McGowan and Roemmich don’t know if the temperature increase and zooplankton decline they’ve detected have occurred anywhere else in the Pacific; the data to answer that question don’t exist. The gradual nature of the changes since the 1950s, they say, rules out any connection to El Niño, the notorious periodic warming of the equatorial Pacific. Although El Niño’s effects have certainly been felt off California, it operates on a shorter cycle that would be detectable in the temperature and zooplankton data if it were there. On the other hand, McGowan says, the California current is not isolated from the Pacific, so one might expect that there is something going on, on a larger scale.

What’s going on could be a natural cycle that lasts longer than the El Niño cycle. The atmospheric people here at Scripps--the meteorologists and the climatologists--are telling us that there is a decadal scale fluctuation in all of the Pacific Ocean, Roemmich says, and that the eastern Pacific is now returning to a cooler state that characterized the early 1970s. If we went along with that scenario, we’d say, okay, if there is cooling, we ought to see the zooplankton coming back up in the next few years.

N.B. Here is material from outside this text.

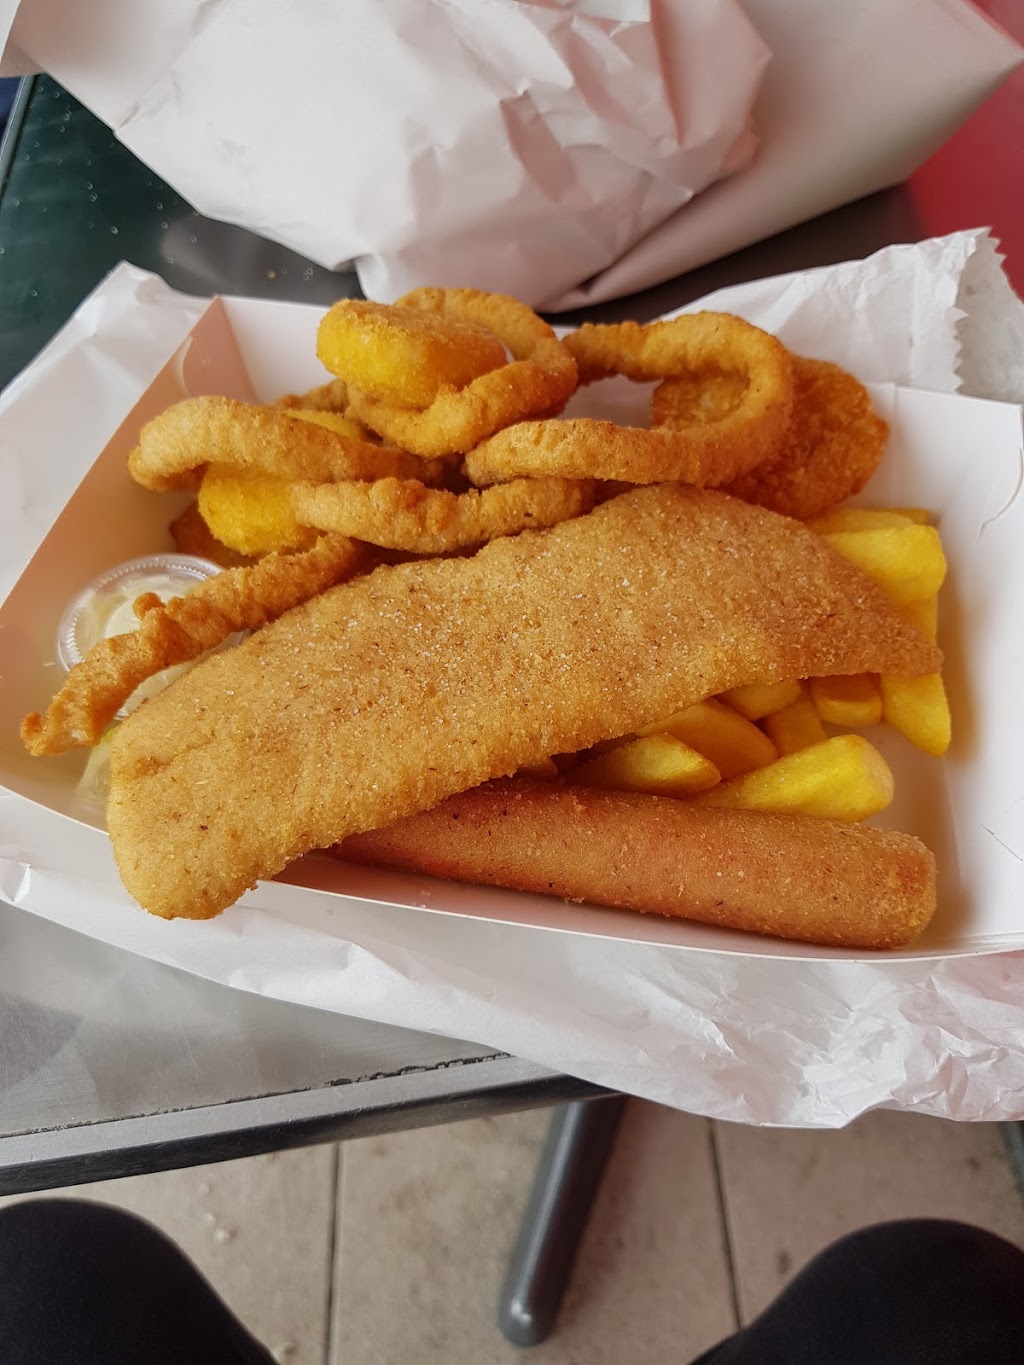 Corner House Fish & Chips | restaurant | 212 Preston Rd, Manly West QLD 4179, Australia | 0733964884 OR +61 7 3396 4884

But another scenario, the two researchers think, is equally plausible and more ominous: the decline in sea life they’ve observed could be an effect of man-made global warming. We don’t know if it is a natural cycle or man-caused, McGowan says. If it is a natural cycle, then sooner or later it will reverse itself, like all other cycles. If it is a man- caused thing, it will only get worse. And if the rate of change continues as it has, it will be a disaster ecologically.